While Company A will market the Proposed Arrangement directly to its major customers, it will also contract with durable medical equipment ("DME") suppliers to serve as sales agents to market the Proposed Arrangement to some SNFs. As compensation, the DME sales agents will receive 20% of collections from any Proposed Arrangements for which they are responsible.(2)The compensation covers the cost of selling activities, delivery, follow-up, and assistance in the collections process when necessary. Company A has certified that the compensation represents fair market value in an arms-length transaction.(3) Payment for the mattresses will be made by the SNF customers directly to Company A. The contracted sales agents may market to SNFs products of other manufacturers and suppliers that are reimbursable under either Part A or Part B of the Medicare program.

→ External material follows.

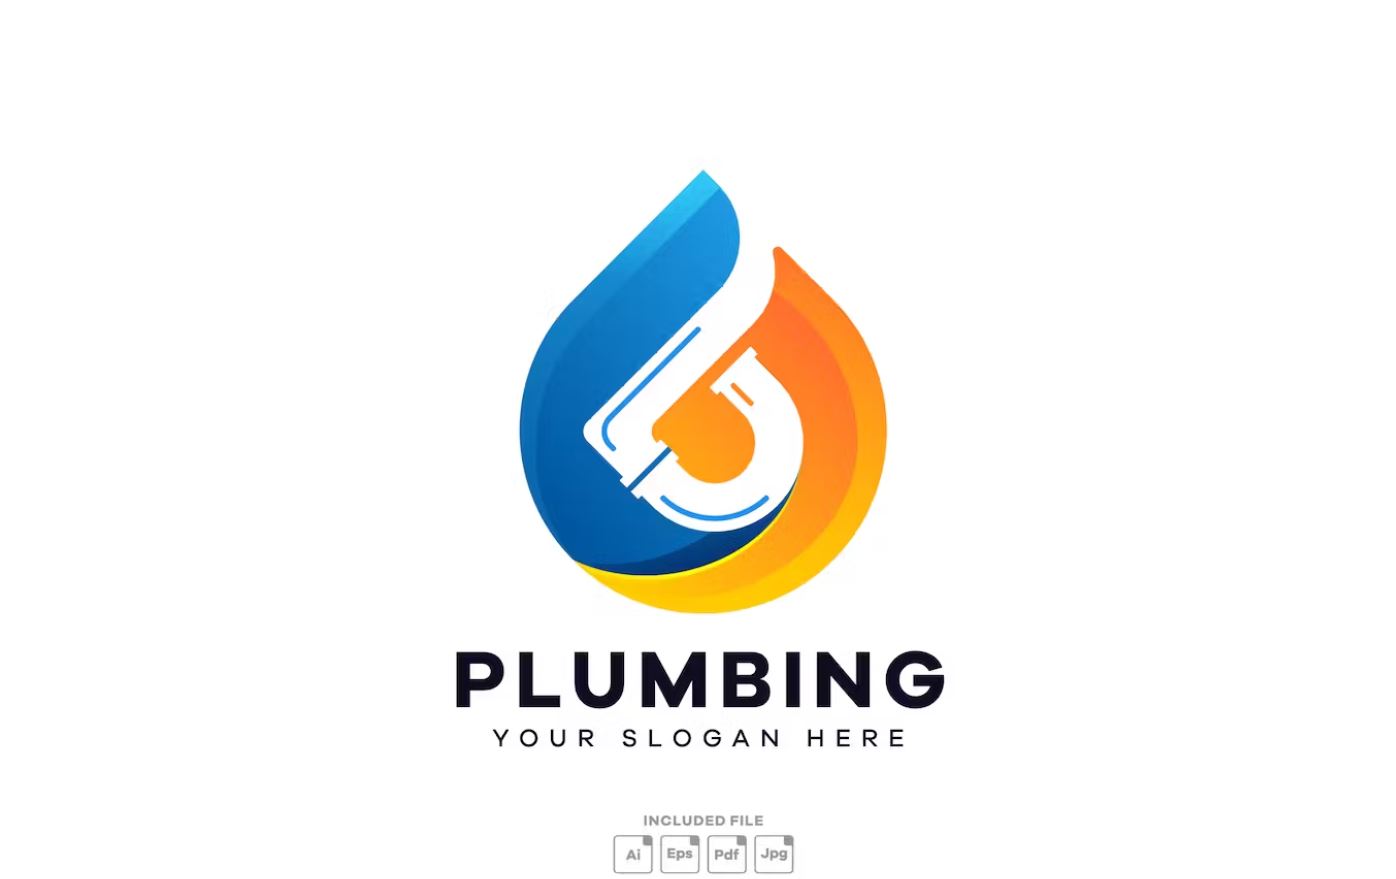 Plumbing-Services-Logo-modern
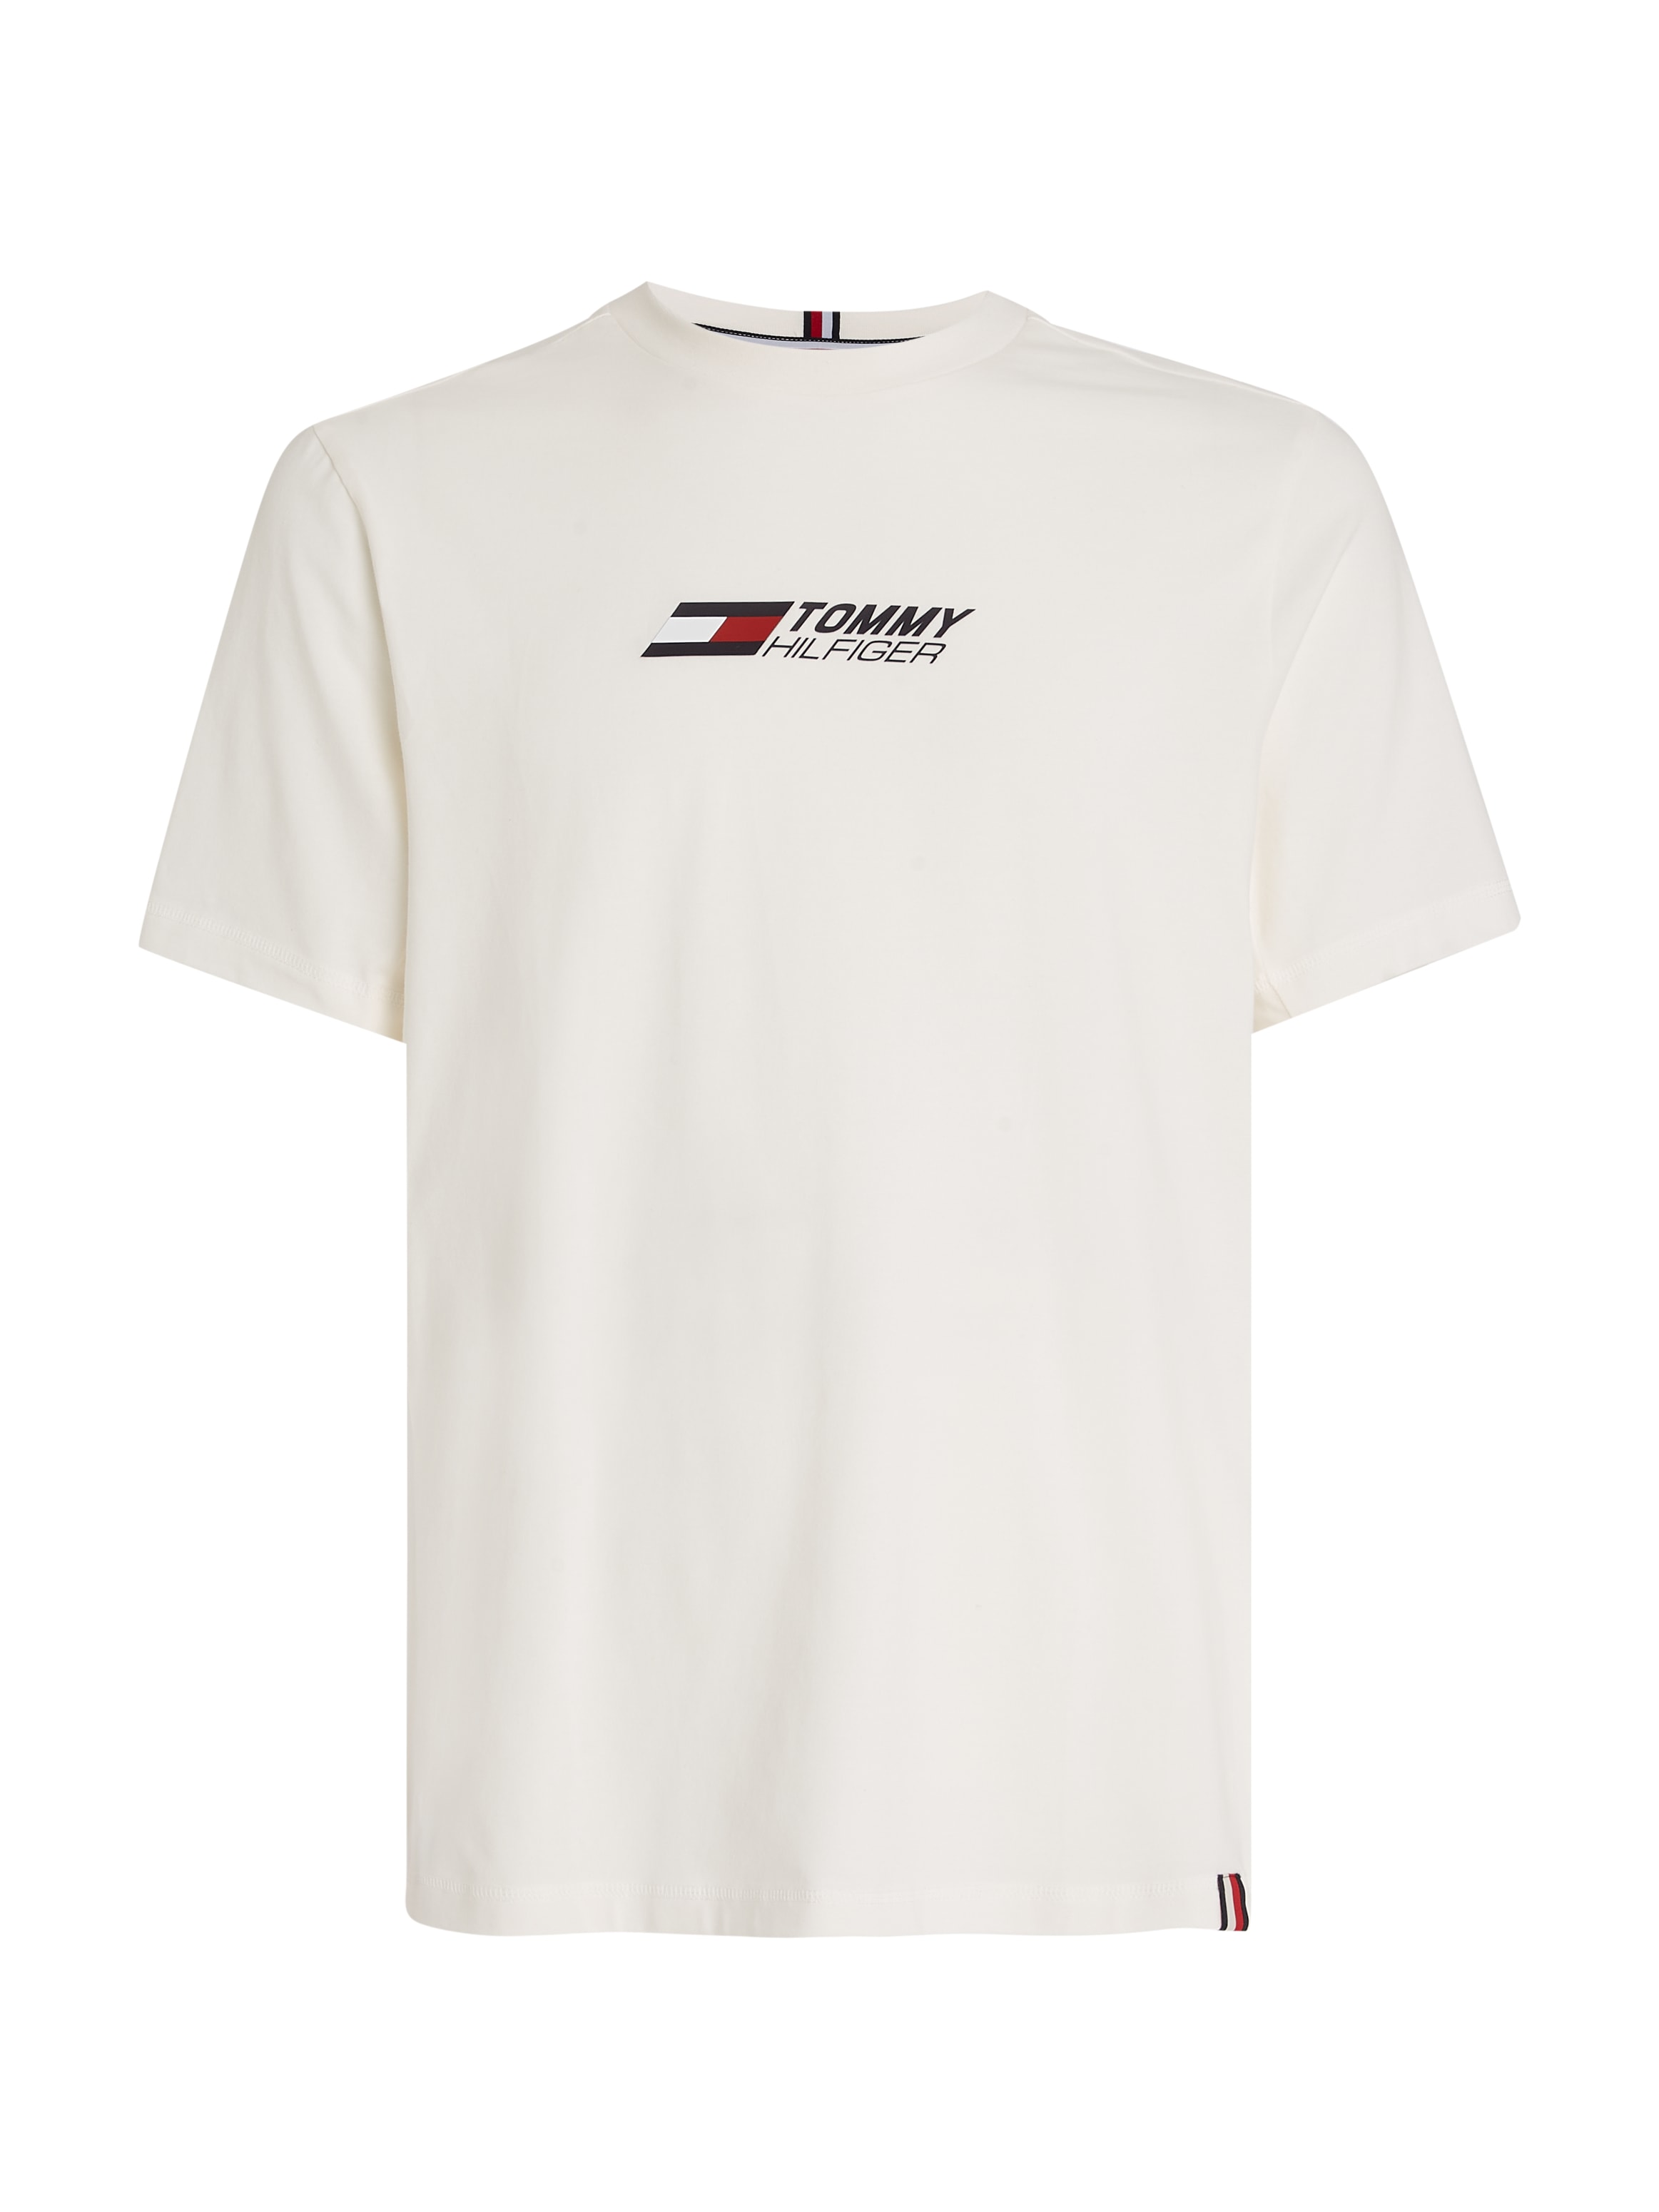 Tommy Hilfiger BIG shoppen Sport Brust Hilfiger T-Shirt Tommy online bei TEE«, der auf LOGO »ESSENTIAL Logodruck mit OTTO

Company A will require each DME supplier to provide Company A with an ownership statement and to agree not to market Company A's therapeutic mattresses to SNFs with which the DME supplier has a financial relationship. Company A has certified that it will monitor the DME supplier's compliance with these conditions. In addition, Company A will require the DME sales agents to disclose the special mattress pricing to their SNF customers in writing and to inform the customers of their obligation to report discounted prices accurately as required by any Federal or state agency, in a manner consistent with the requirements of 42 C.F.R. § 1001.952(h)(2)(ii).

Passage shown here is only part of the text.